Schissler C, Banea S, Tortel M-C, Mahé A
Clinique dermatologique, faculté de médecine, université de Strasbourg, hôpitaux universitaires de Strasbourg, 1, place de l'Hôpital, 67091 Strasbourg, France.
Service de dermatologie, hôpital Pasteur, 39, avenue de la Liberté, 68024 Colmar, France.
Ann Dermatol Venereol. 2017 Apr;144(4):263-267. doi: 10.1016/j.annder.2017.02.005. Epub 2017 Mar 18.
This article introduces a new case of Rowell's syndrome, a controversial entity defined by the association of lupus erythematosus and erythema multiforme.
A 43-year-old woman was diagnosed with lupus erythematosus induced by esomeprazole. Because her eruption did not improve after withdrawal of the drug, hydroxychloroquine was administered.
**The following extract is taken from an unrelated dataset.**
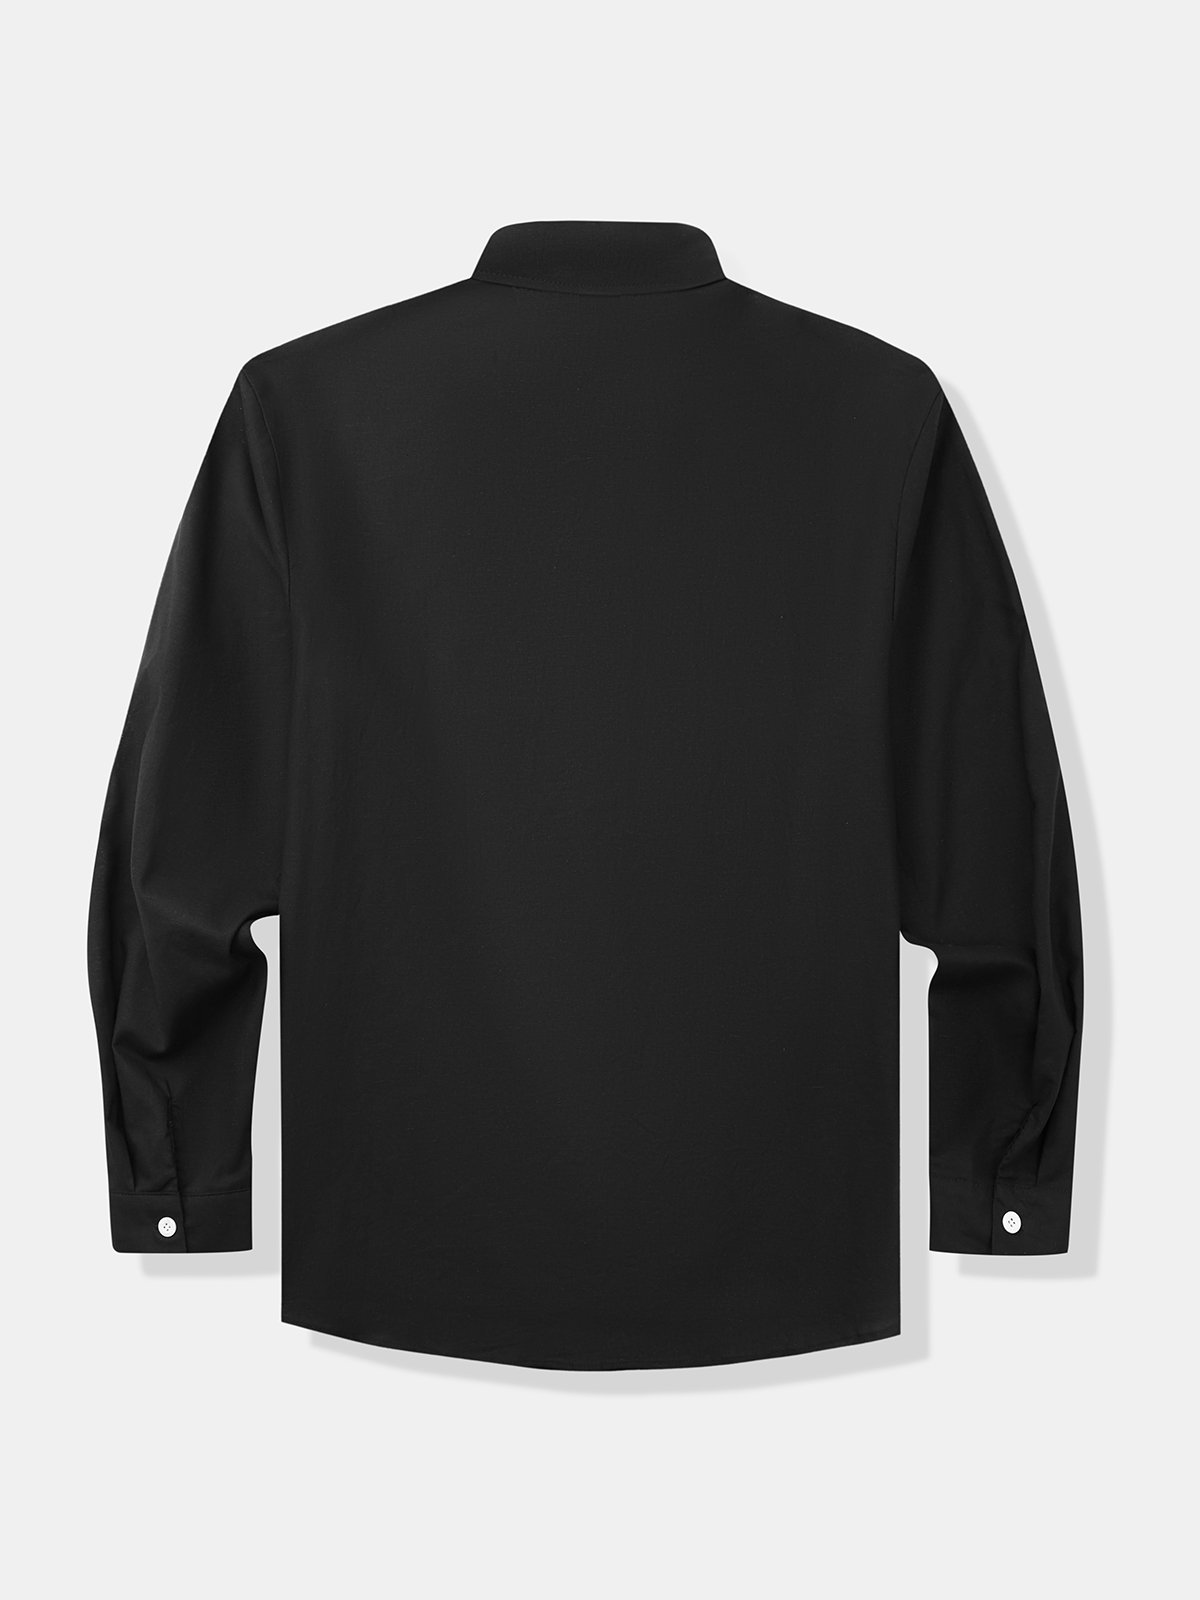 Hardaddy Cotton Sailfish Print Long Sleeve Casual Shirt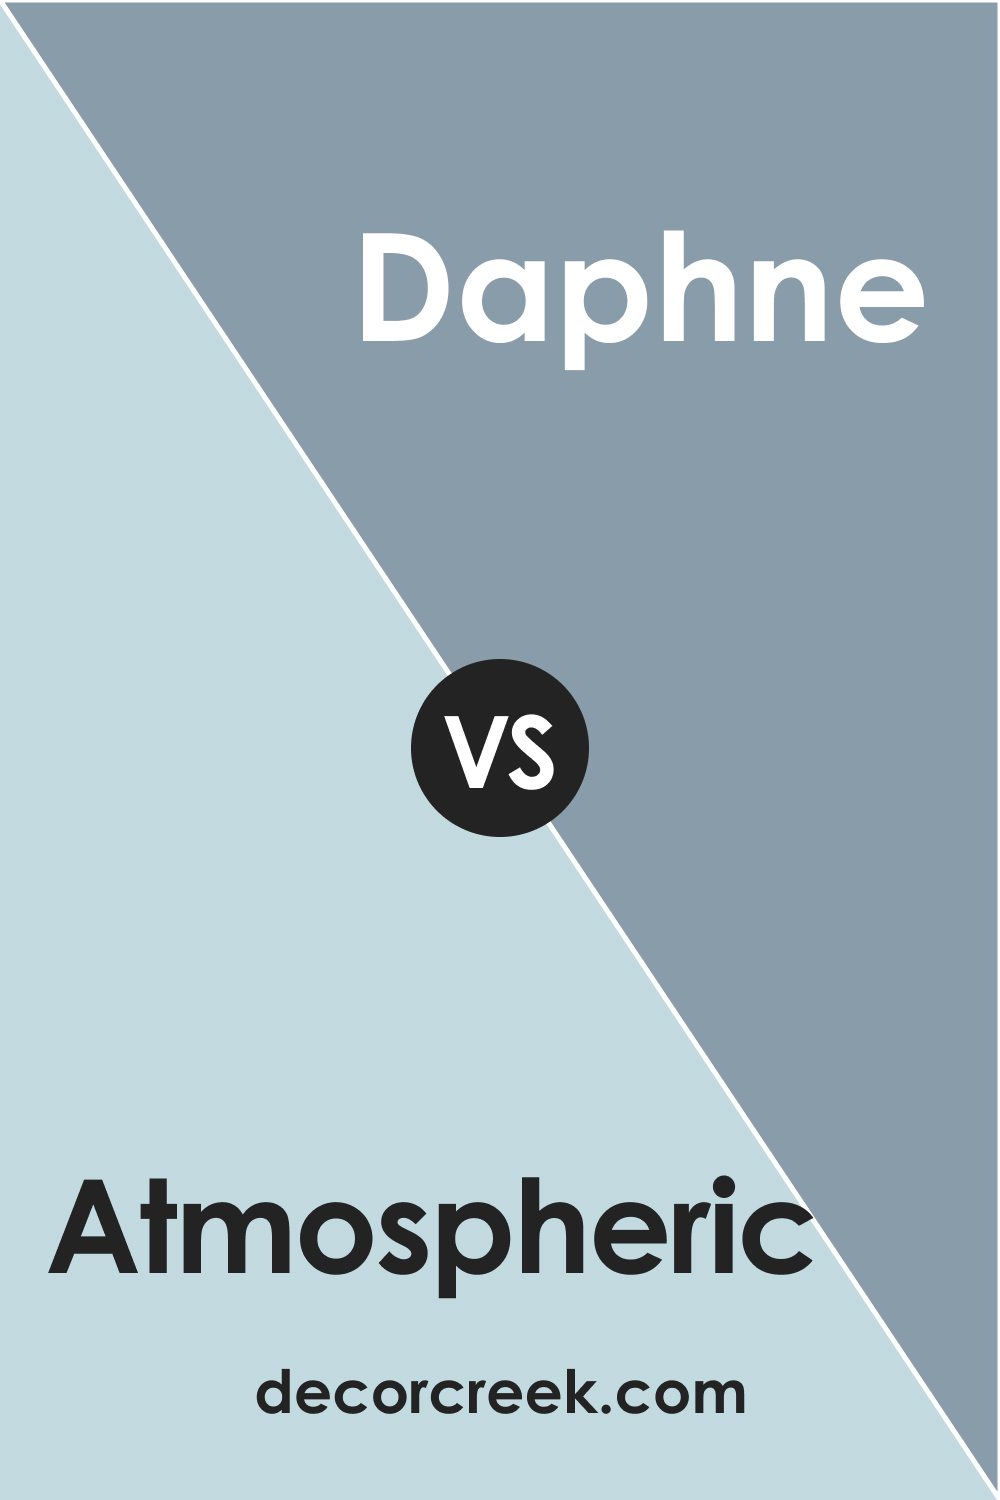 Atmospheric vs Daphne

Two weeks later, the patient described new annular lesions on her chest and arms, both erosive and crusted, and some had a target-like appearance. The oral mucosa was also affected. Histology revealed sub-epidermal blistering with keratinocytic necrosis, strongly suggesting erythema multiforme. Screening for other causes of erythema multiforme proved negative. A positive outcome was achieved with corticosteroids and hydroxychloroquine. One year later, the patient was in complete remission for both lupus erythematosus and erythema multiforme.
The association of lupus erythematosus and erythema multiforme first described in 1963 is known as Rowell's syndrome. While diagnostic criteria have been established in the literature, the reality of this entity is still contested. The annular lesions of subacute lupus erythematosus may be confused with the lesions of erythema multiforme. As suggested in the above section, other authors consider Rowell's syndrome to be a singular entity. Indeed, our patient developed lesions distinct from those initially suggesting subacute lupus erythematosus, in particular: the target-like aspect of the elementary lesions, mucosal involvement, a distinct histological aspect, and dissociated outcomes. Ultimately, the definition of Rowell's syndrome remains highly debated.
本文介绍了一例新的罗威尔综合征病例,这是一种由红斑狼疮和多形红斑关联所定义的存在争议的病症。
一名43岁女性被诊断为埃索美拉唑诱发的红斑狼疮。由于停药后皮疹未改善,遂给予羟氯喹治疗。两周后,患者胸部和手臂出现新的环形皮损,有糜烂和结痂,部分呈靶样外观。口腔黏膜也受累。组织学检查显示表皮下水疱形成伴角质形成细胞坏死,强烈提示多形红斑。对多形红斑的其他病因筛查结果为阴性。使用皮质类固醇和羟氯喹后取得了良好疗效。一年后,患者的红斑狼疮和多形红斑均完全缓解。
1963年首次描述的红斑狼疮与多形红斑的关联被称为罗威尔综合征。尽管文献中已确立了诊断标准,但该病症的实际情况仍存在争议。亚急性红斑狼疮的环形皮损可能与多形红斑的皮损相混淆。如上文所述,其他作者认为罗威尔综合征是一种独特的病症。实际上,我们的患者出现了与最初提示亚急性红斑狼疮的皮损不同的病变,特别是:基本皮损的靶样外观、黏膜受累、独特的组织学表现以及不同的转归。最终,罗威尔综合征的定义仍备受争议。